Problem: The Server struct doesn't have metricsStore. There are two approaches:

Approach A (preferred): Add a TriggerTelemetryTest callback to DebugCallbacks

This follows the existing pattern for operations needing main.go wiring. The Server struct lacks metricsStore but main.go has it.

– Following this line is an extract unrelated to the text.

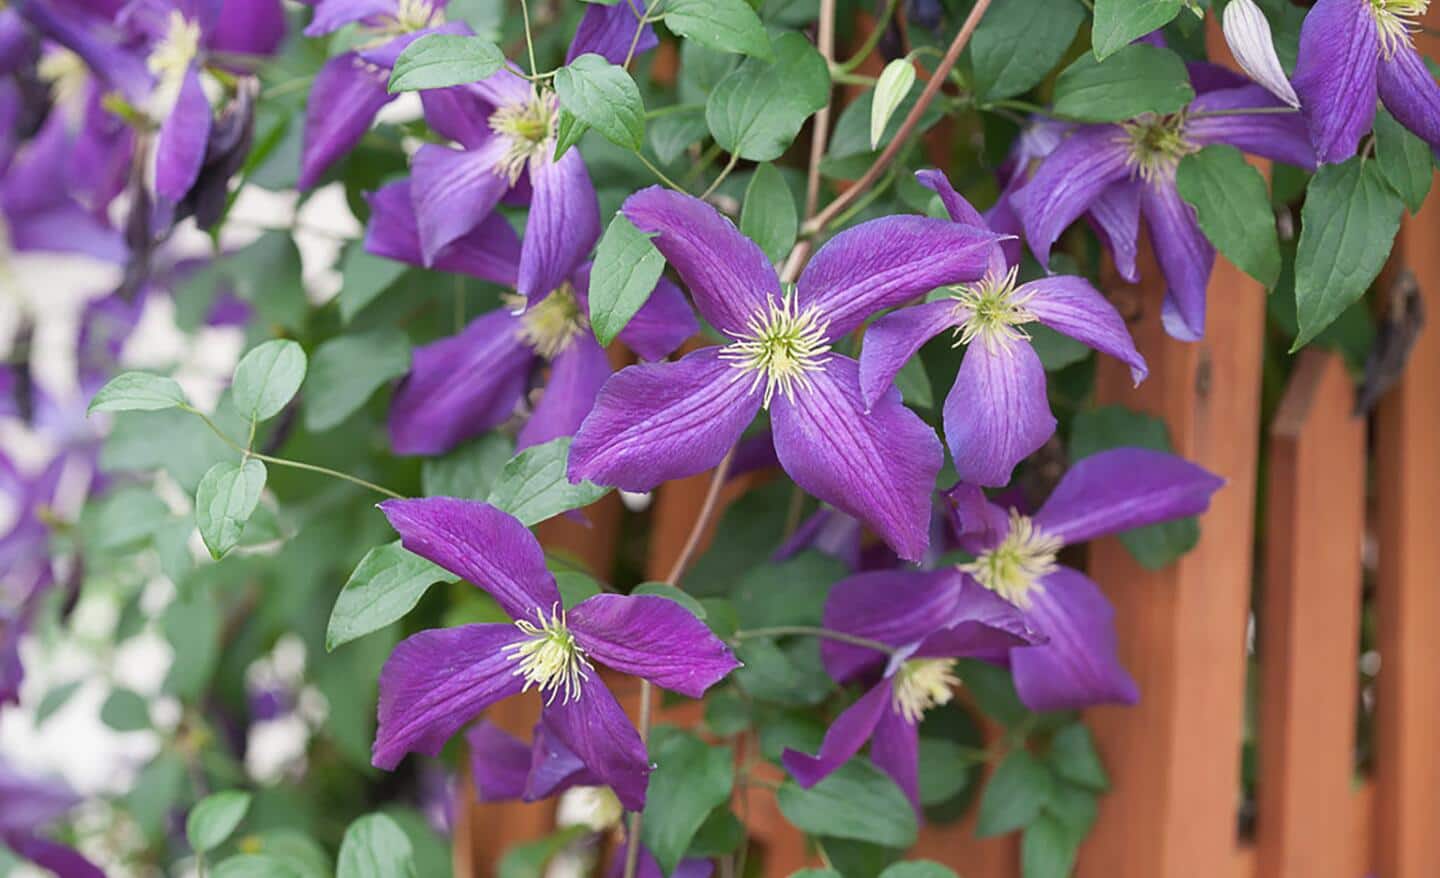 Purple clematis vine growing on a fence

In handler_debug.go, add to the DebugCallbacks struct:

type DebugCallbacks struct {
    TriggerHubReportPush   func() error
    TriggerHubInfraPush    func() error
    TriggerLocalInfraWrite func() error
    TriggerSetupMode       func() error
    HubConnectivityTest    func() (statusCode int, latencyMs int64, err error)
    GiteaConnectivityTest  func() (statusCode int, latencyMs int64, err error)
    GetTelemetryPreview    func() ([]report.AppTelemetry, error)  // NEW
}

Then the handler becomes:

func (s *Server) debugTelemetry(w http.ResponseWriter, r *http.Request) {
    if s.debugCallbacks == nil || s.debugCallbacks.GetTelemetryPreview == nil {
        writeDebugJSON(w, http.StatusNotImplemented, false, "Nem bekötött", nil)
        return
    }
    start := time.Now()
    telemetry, err := s.debugCallbacks.GetTelemetryPreview()
    latency := time.Since(start).Milliseconds()
    if err != nil {
        writeDebugJSON(w, http.StatusOK, false, err.Error(), map[string]interface{}{"latency_ms": latency})
        return
    }

    // Compute summary stats
    totalErrors := 0
    totalWarnings := 0
    for _, app := range telemetry {
        totalErrors += app.LogErrors
        totalWarnings += app.LogWarnings
    }

    writeDebugJSON(w, http.StatusOK, true,
        fmt.Sprintf("Telemetria összegyűjtve: %d app, %d hiba, %d figyelmeztetés (%dms)",
            len(telemetry), totalErrors, totalWarnings, latency),
        map[string]interface{}{
            "latency_ms":     latency,
            "app_count":      len(telemetry),
            "total_errors":   totalErrors,
            "total_warnings": totalWarnings,
            "app_telemetry":  telemetry,
        })
}

Approach B: Export buildAppTelemetrySection from the report package

In controller/internal/report/telemetry.go, the function buildAppTelemetrySection is private (lowercase). Create a public wrapper:

// BuildAppTelemetryForDebug runs the telemetry collection pipeline (metrics + log scan)
// and returns the result. Used by the debug endpoint.
func BuildAppTelemetryForDebug(stackMgr *stacks.Manager, metricsStore *metrics.MetricsStore, logger *log.Logger) []AppTelemetry {
    return buildAppTelemetrySection(stackMgr, metricsStore, logger)
}

Then wire the callback in main.go using this exported function.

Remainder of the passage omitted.